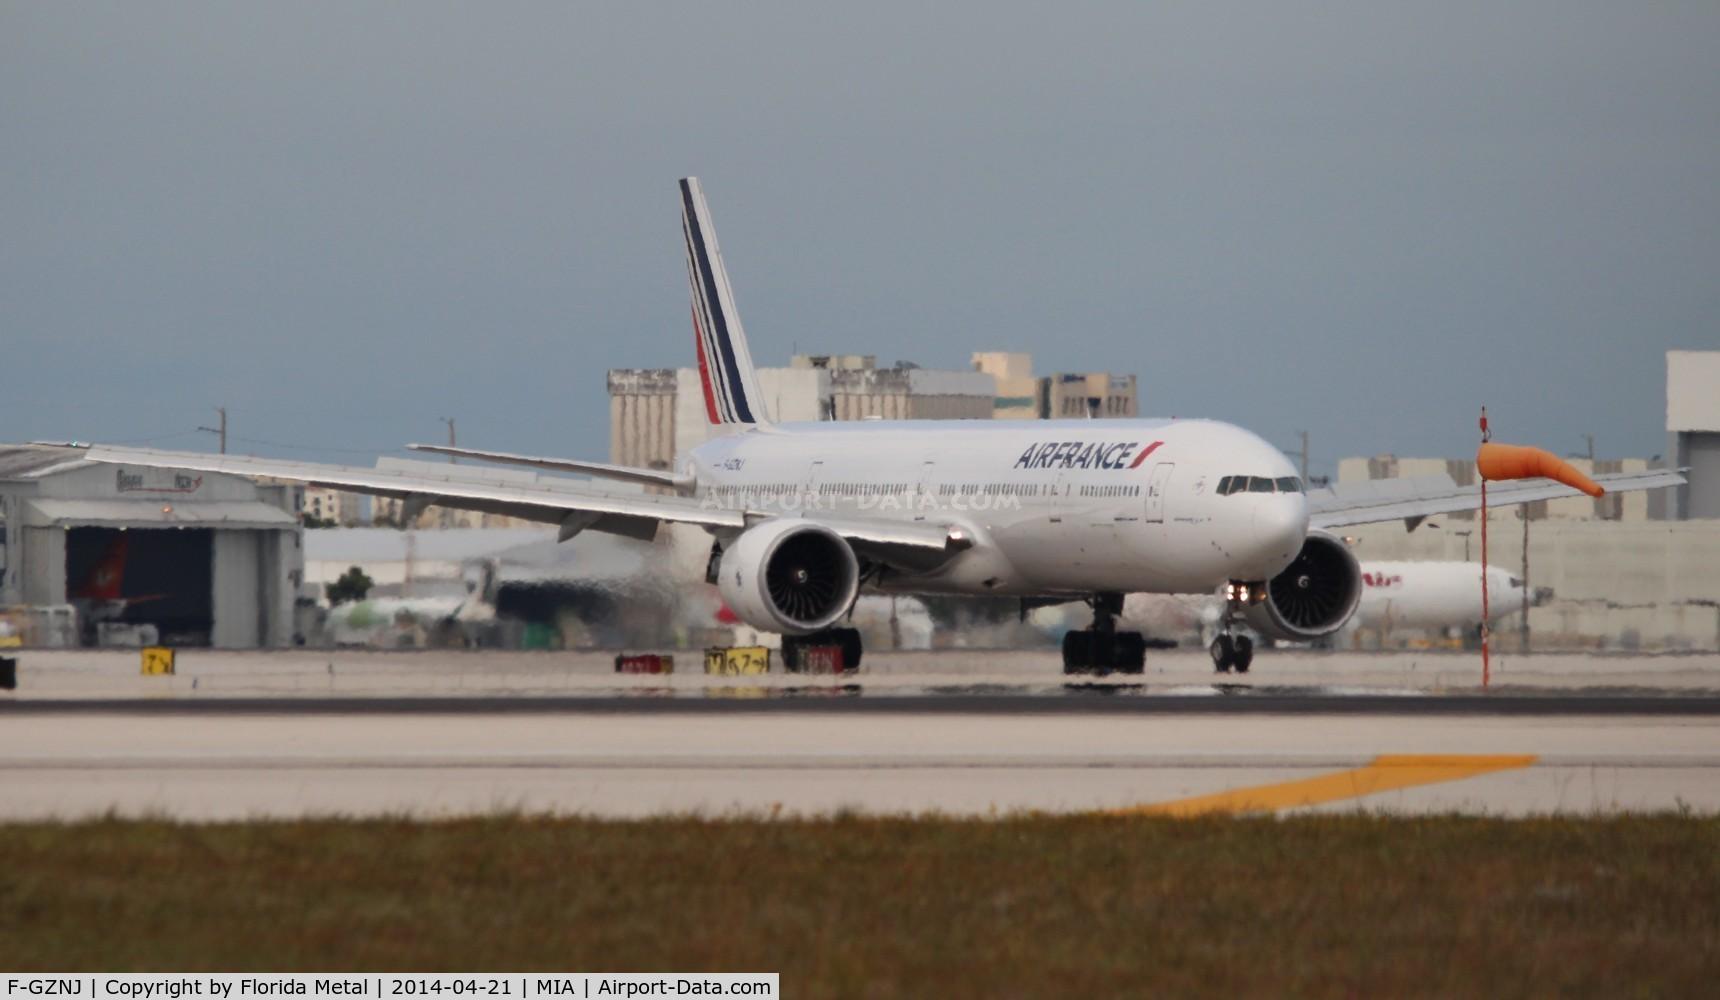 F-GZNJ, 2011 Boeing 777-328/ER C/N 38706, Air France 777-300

* * *

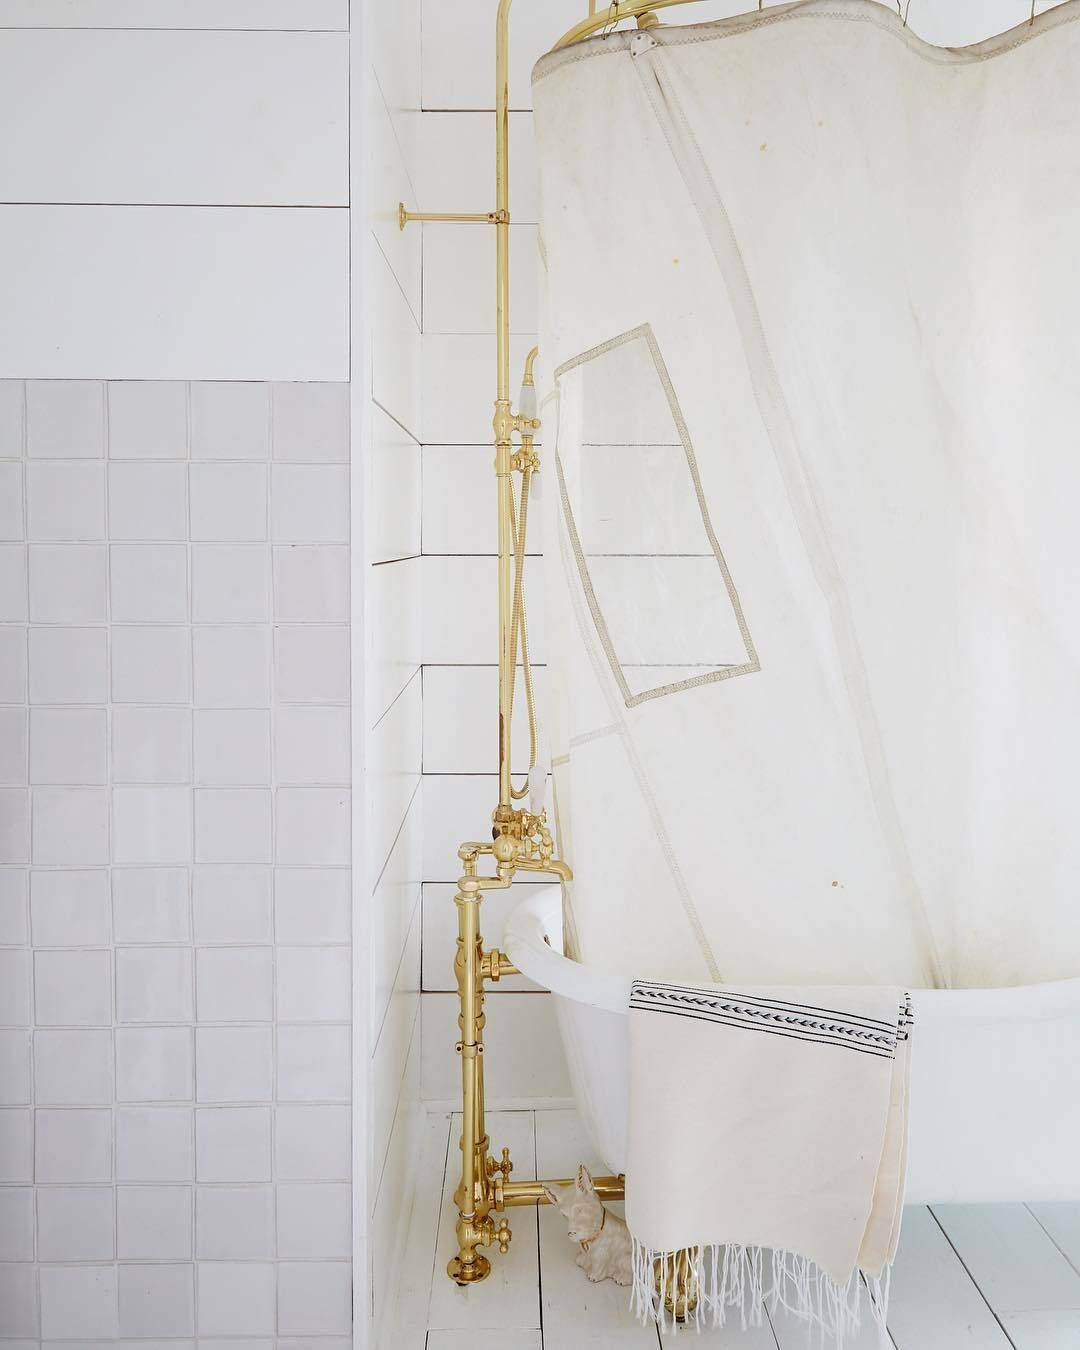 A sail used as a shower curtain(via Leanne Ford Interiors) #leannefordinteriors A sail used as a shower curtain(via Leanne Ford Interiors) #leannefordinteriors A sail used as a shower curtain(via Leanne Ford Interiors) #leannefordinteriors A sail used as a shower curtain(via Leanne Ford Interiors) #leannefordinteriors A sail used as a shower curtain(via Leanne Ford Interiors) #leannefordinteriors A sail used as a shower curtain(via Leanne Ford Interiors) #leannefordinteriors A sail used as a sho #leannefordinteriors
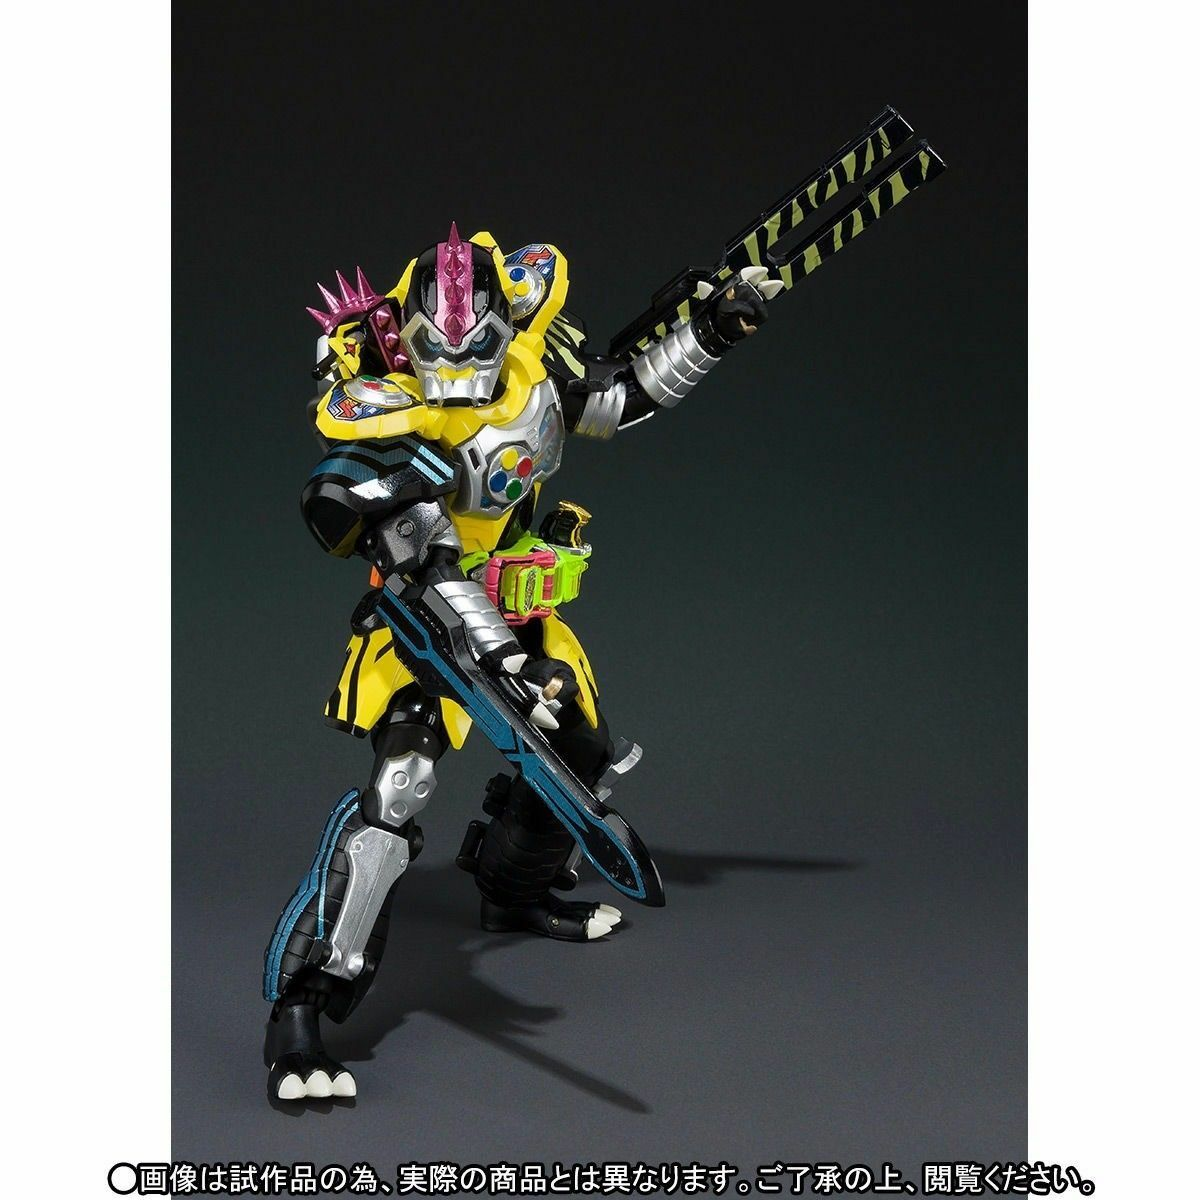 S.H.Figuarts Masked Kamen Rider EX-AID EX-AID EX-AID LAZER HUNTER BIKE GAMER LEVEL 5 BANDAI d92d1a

=== Required work ===
Everything from the line above that contains "a sho #leannefordinteriors" down to the line that contains "S.H.Figuarts Masked Kamen" must be reproduced exactly, both ends included. Omit the pictures.

=== Response to this task ===
 A sail used as a shower curtain(via Leanne Ford Interiors) #leannefordinteriors A sail used as a shower curtain(via Leanne Ford Interiors) #leannefordinteriors A sail used as a shower curtain(via Leanne Ford Interiors) #leannefordinteriors A sail used as a shower curtain(via Leanne Ford Interiors) #leannefordinteriors A sail used as a shower curtain(via Leanne Ford Interiors) #leannefordinteriors A sail used as a shower curtain(via Leanne Ford Interiors) #leannefordinteriors A sail used as a sho #leannefordinteriors
 S.H.Figuarts Masked Kamen Rider EX-AID EX-AID EX-AID LAZER HUNTER BIKE GAMER LEVEL 5 BANDAI d92d1a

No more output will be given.